_EXERCISE DIRECTIONS_:
Among the entries below, extract exactly the lines that run from the one with "Reusch Attrakt Duo" through the one with "Thương hiệu làm", both ends included.

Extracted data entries
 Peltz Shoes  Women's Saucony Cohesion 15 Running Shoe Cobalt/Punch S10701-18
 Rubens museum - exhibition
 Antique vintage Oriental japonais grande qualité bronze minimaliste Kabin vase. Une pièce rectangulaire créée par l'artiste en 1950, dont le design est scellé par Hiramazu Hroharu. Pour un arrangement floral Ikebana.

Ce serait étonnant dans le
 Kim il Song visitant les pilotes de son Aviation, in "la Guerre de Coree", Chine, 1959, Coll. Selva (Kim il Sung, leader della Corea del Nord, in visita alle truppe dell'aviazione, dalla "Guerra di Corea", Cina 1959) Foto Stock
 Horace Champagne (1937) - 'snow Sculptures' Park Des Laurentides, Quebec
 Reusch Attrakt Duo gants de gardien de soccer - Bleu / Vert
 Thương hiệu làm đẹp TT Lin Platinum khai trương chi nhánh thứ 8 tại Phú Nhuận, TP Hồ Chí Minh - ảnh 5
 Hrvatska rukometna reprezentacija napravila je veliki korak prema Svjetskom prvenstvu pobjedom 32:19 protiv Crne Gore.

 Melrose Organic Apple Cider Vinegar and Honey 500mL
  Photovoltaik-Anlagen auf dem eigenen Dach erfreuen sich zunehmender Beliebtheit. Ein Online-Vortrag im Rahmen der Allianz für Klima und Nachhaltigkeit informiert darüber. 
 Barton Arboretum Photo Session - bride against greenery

_TASK OUTPUT_:
 Reusch Attrakt Duo gants de gardien de soccer - Bleu / Vert
 Thương hiệu làm đẹp TT Lin Platinum khai trương chi nhánh thứ 8 tại Phú Nhuận, TP Hồ Chí Minh - ảnh 5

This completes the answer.